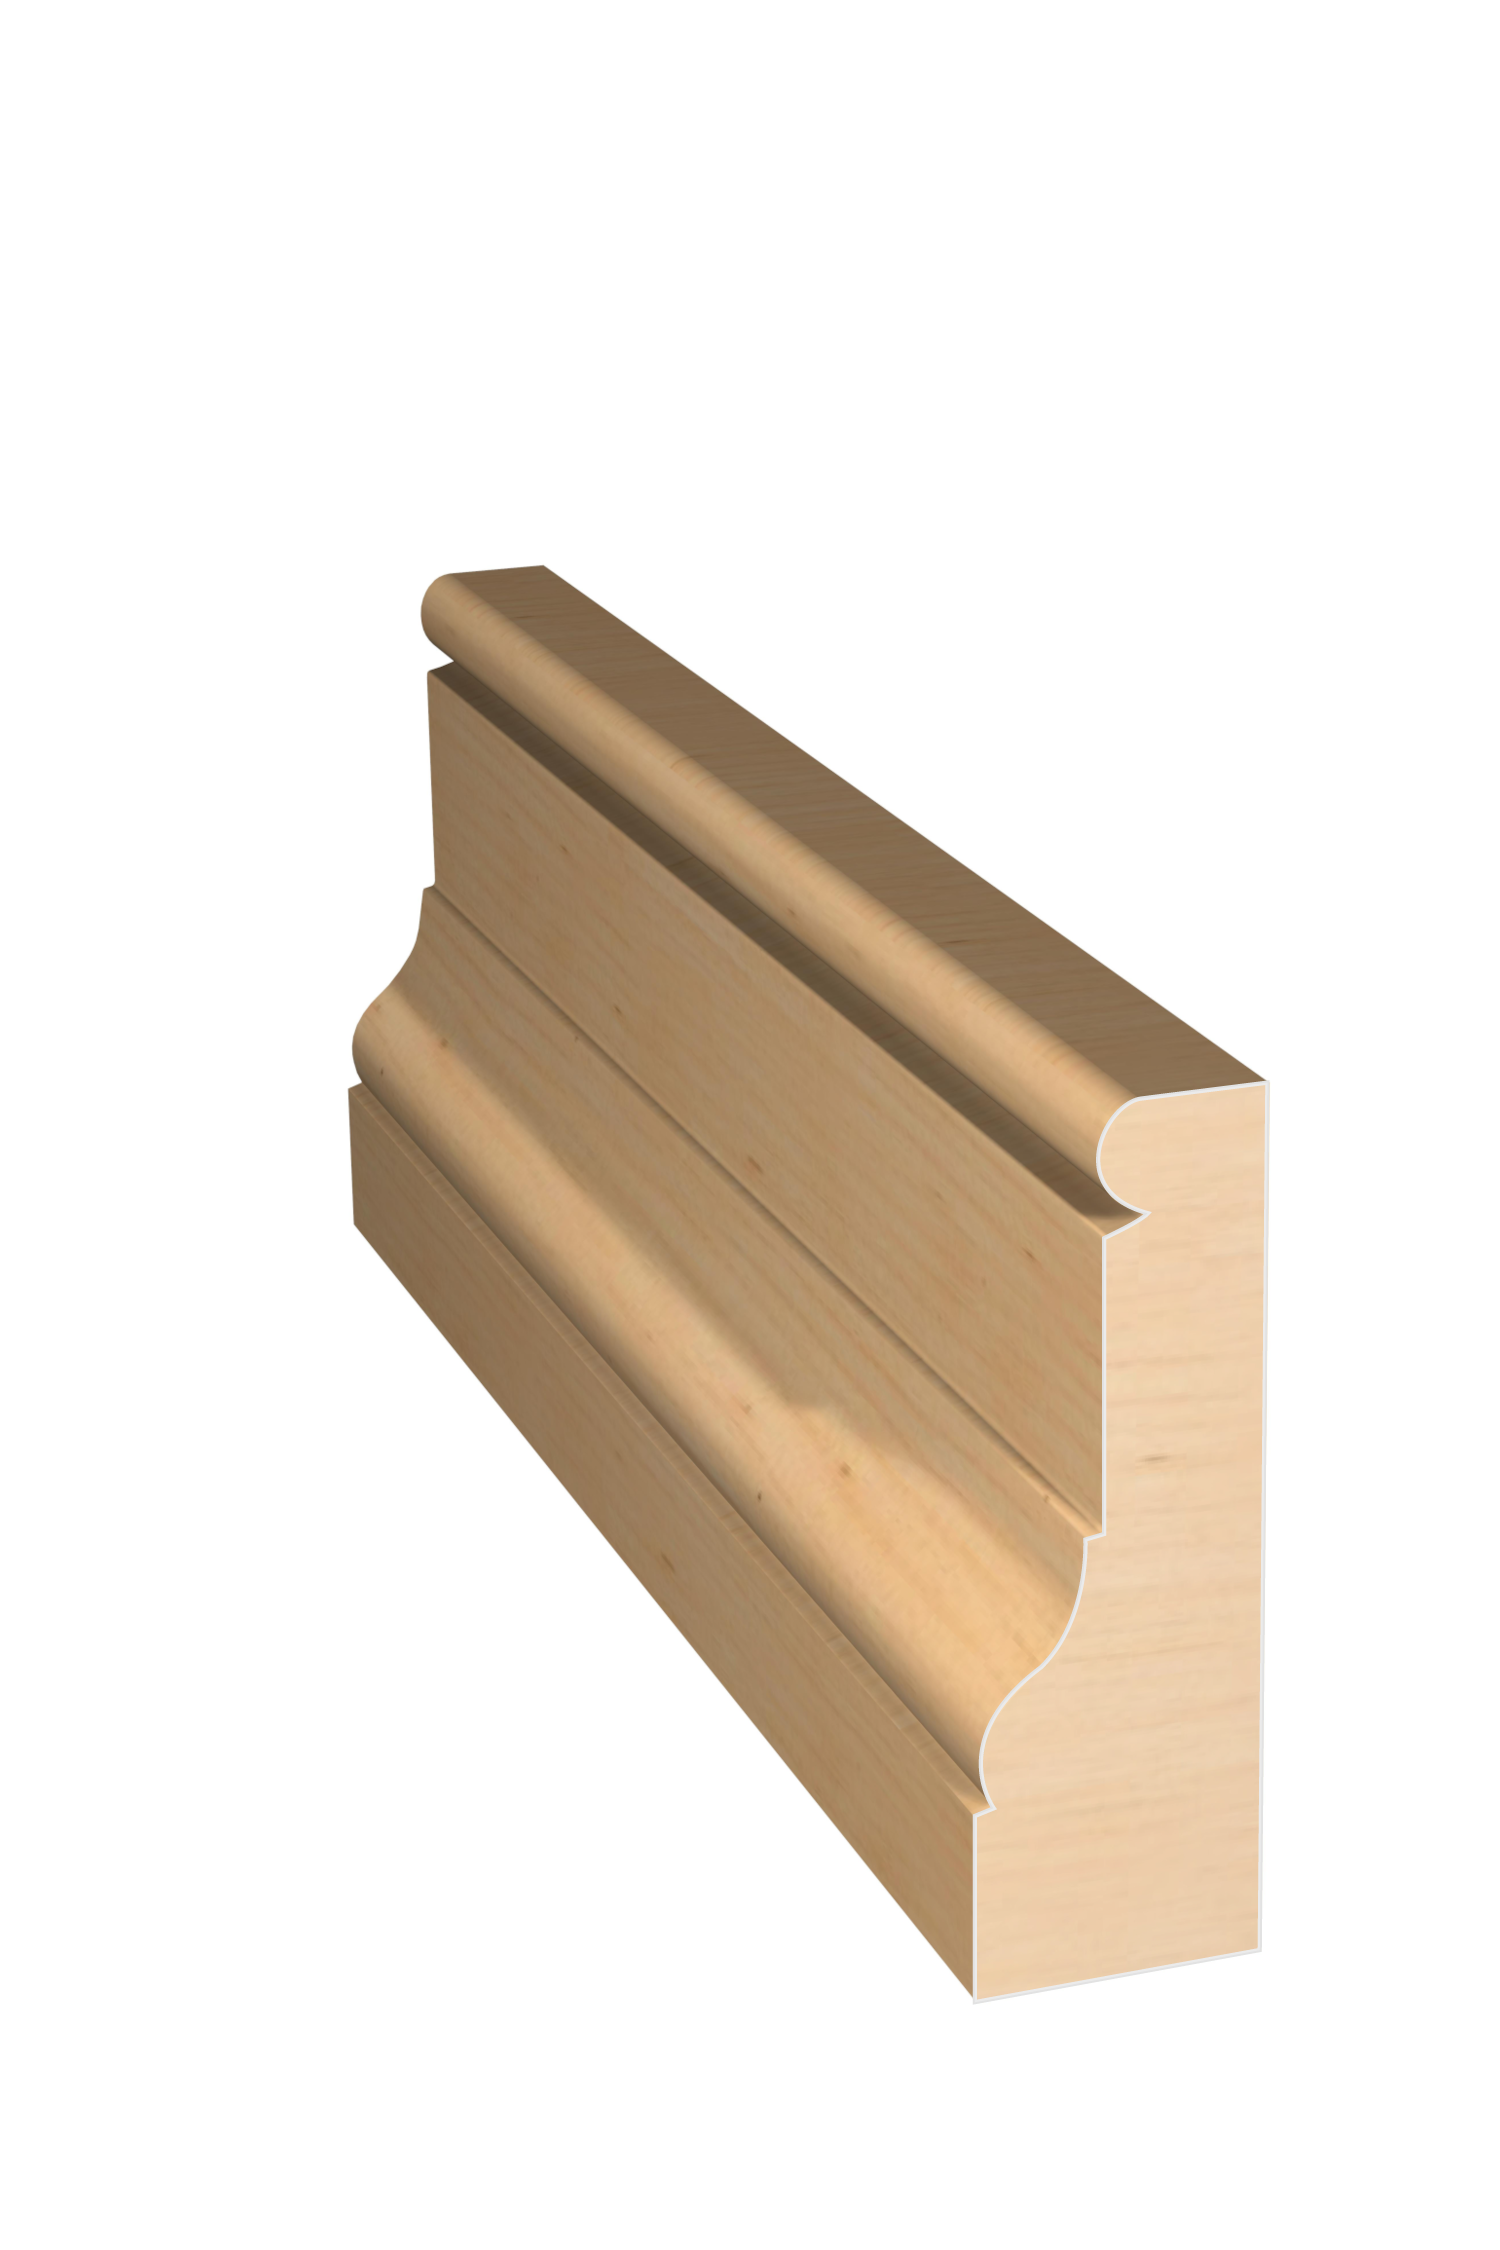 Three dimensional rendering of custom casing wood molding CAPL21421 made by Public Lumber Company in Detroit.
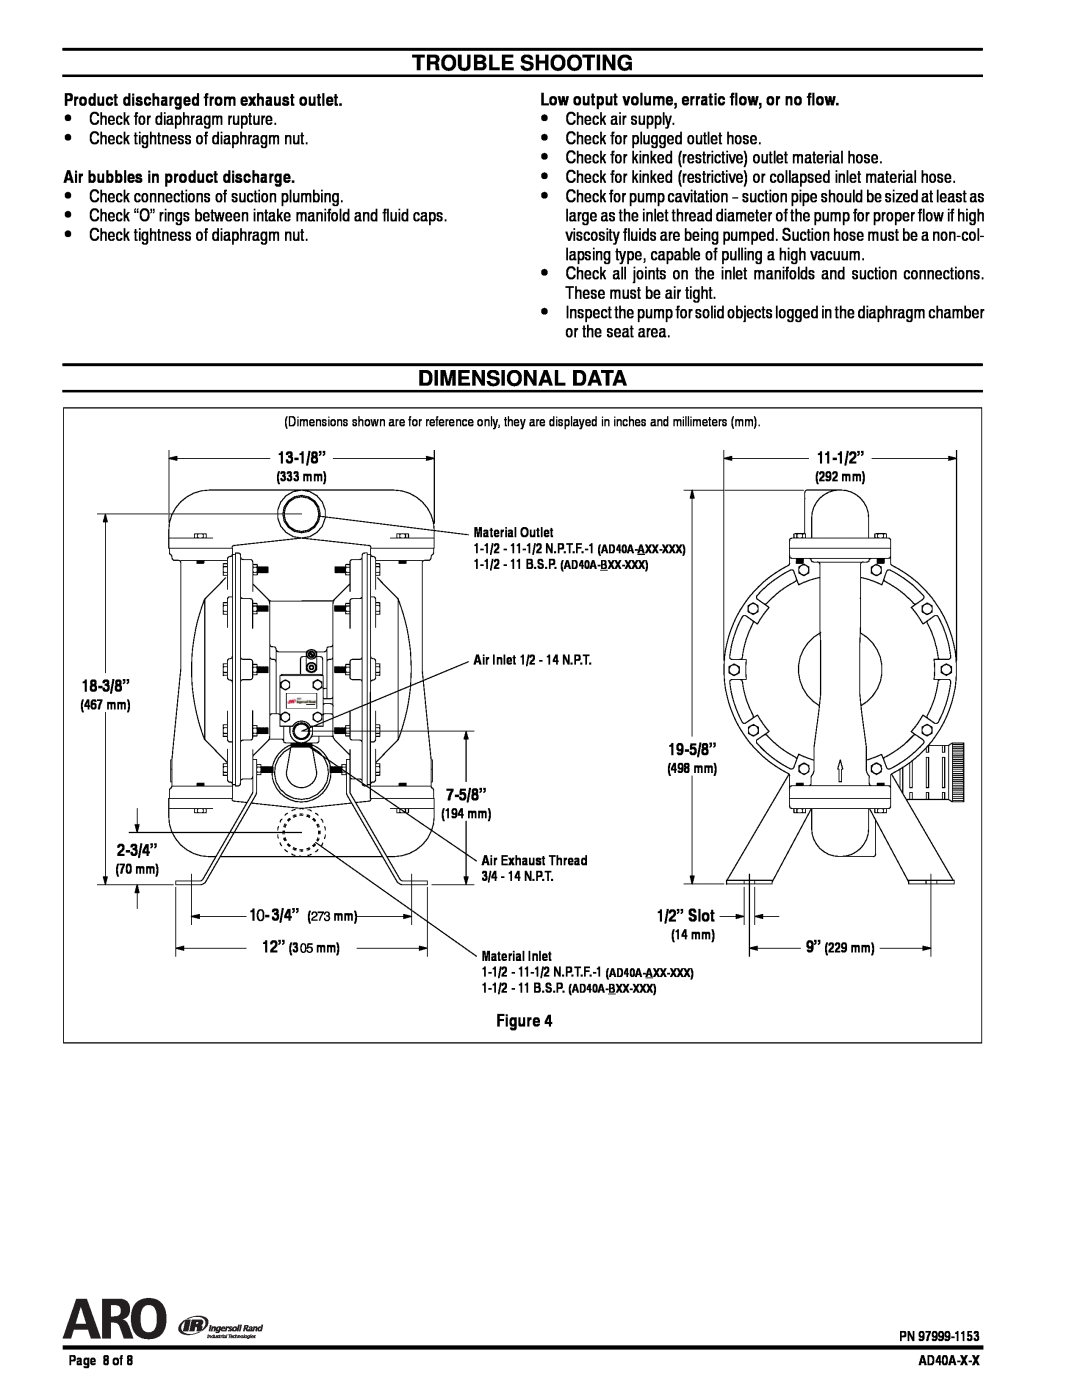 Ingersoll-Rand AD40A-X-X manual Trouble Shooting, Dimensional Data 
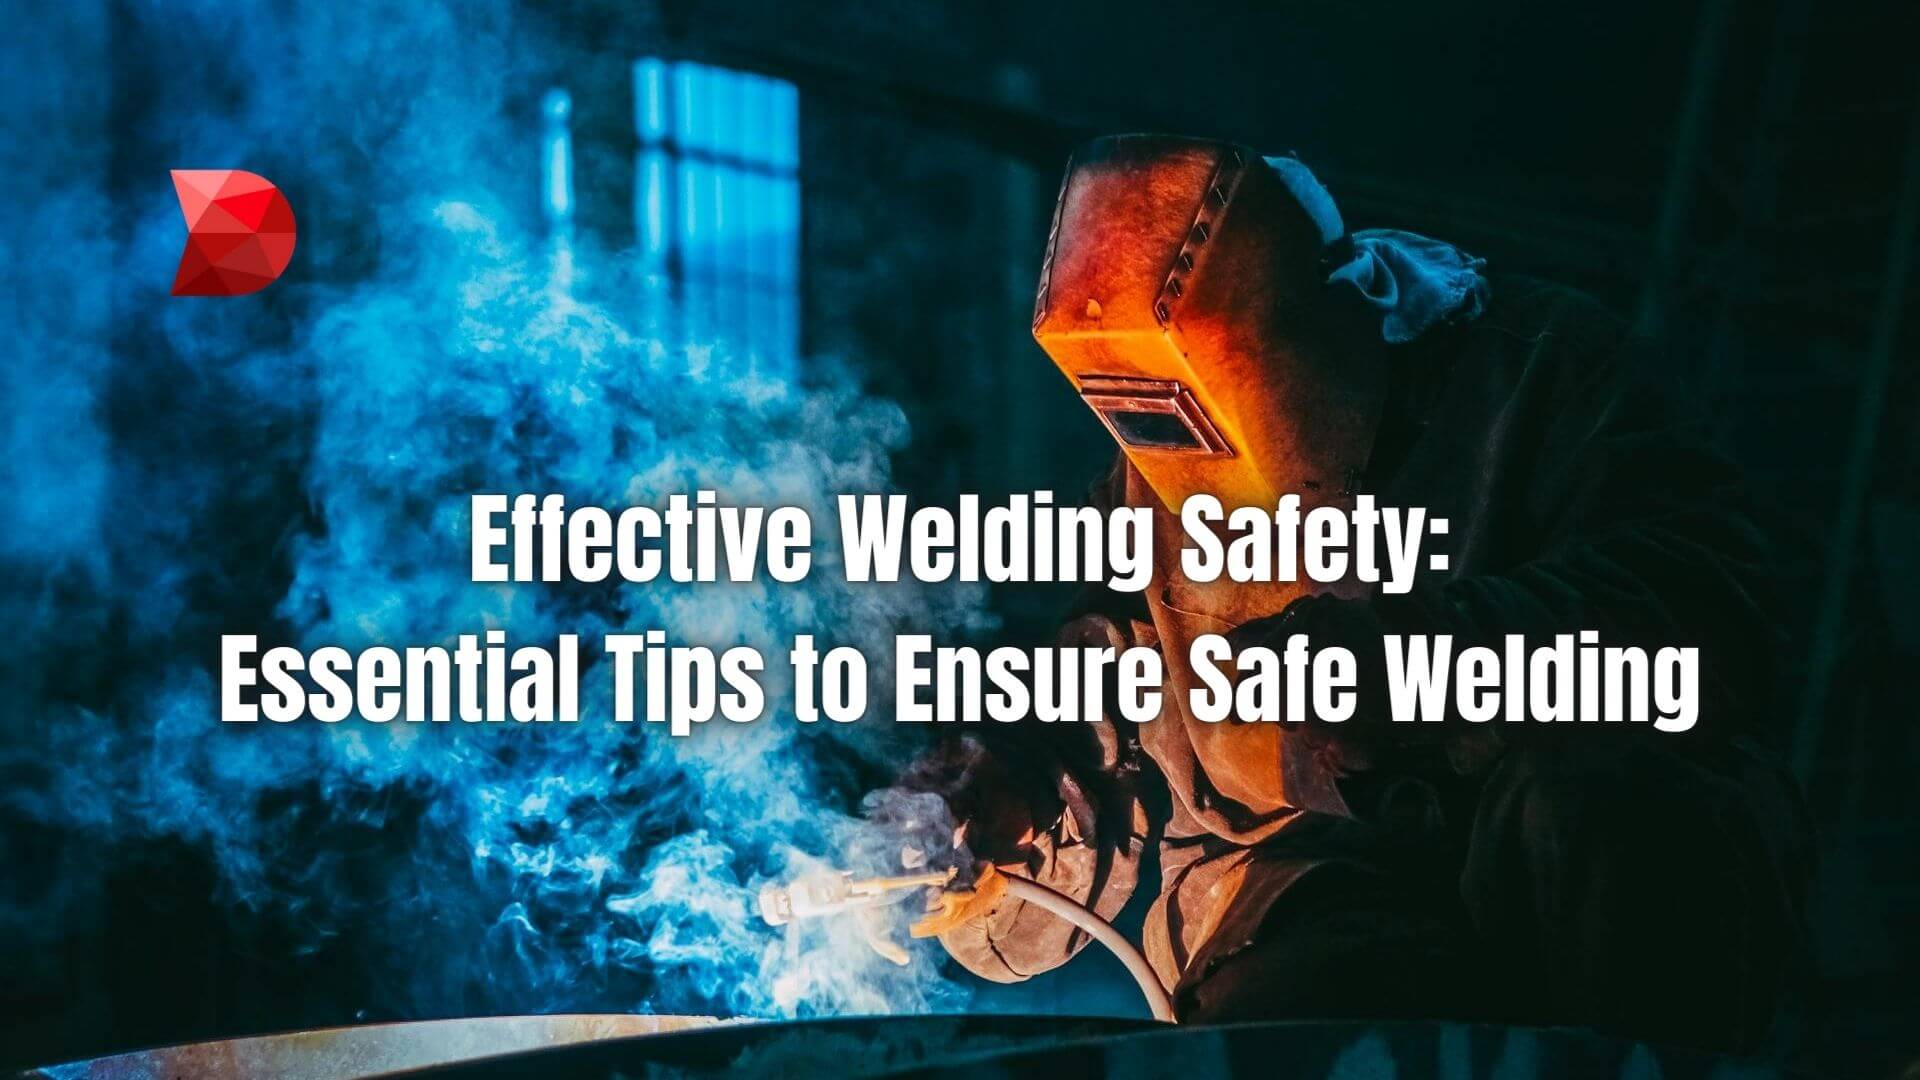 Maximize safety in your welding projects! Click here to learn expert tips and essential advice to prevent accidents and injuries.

───

* Prompt *
The lines above must be transcribed exactly, with every picture left out.

* Answer for this exercise *
 Three dimensional rendering of custom casing wood molding CAPL21421 made by Public Lumber Company in Detroit.
 Ingersoll-Rand AD40A-X-X manual Trouble Shooting, Dimensional Data 
 Maximize safety in your welding projects! Click here to learn expert tips and essential advice to prevent accidents and injuries.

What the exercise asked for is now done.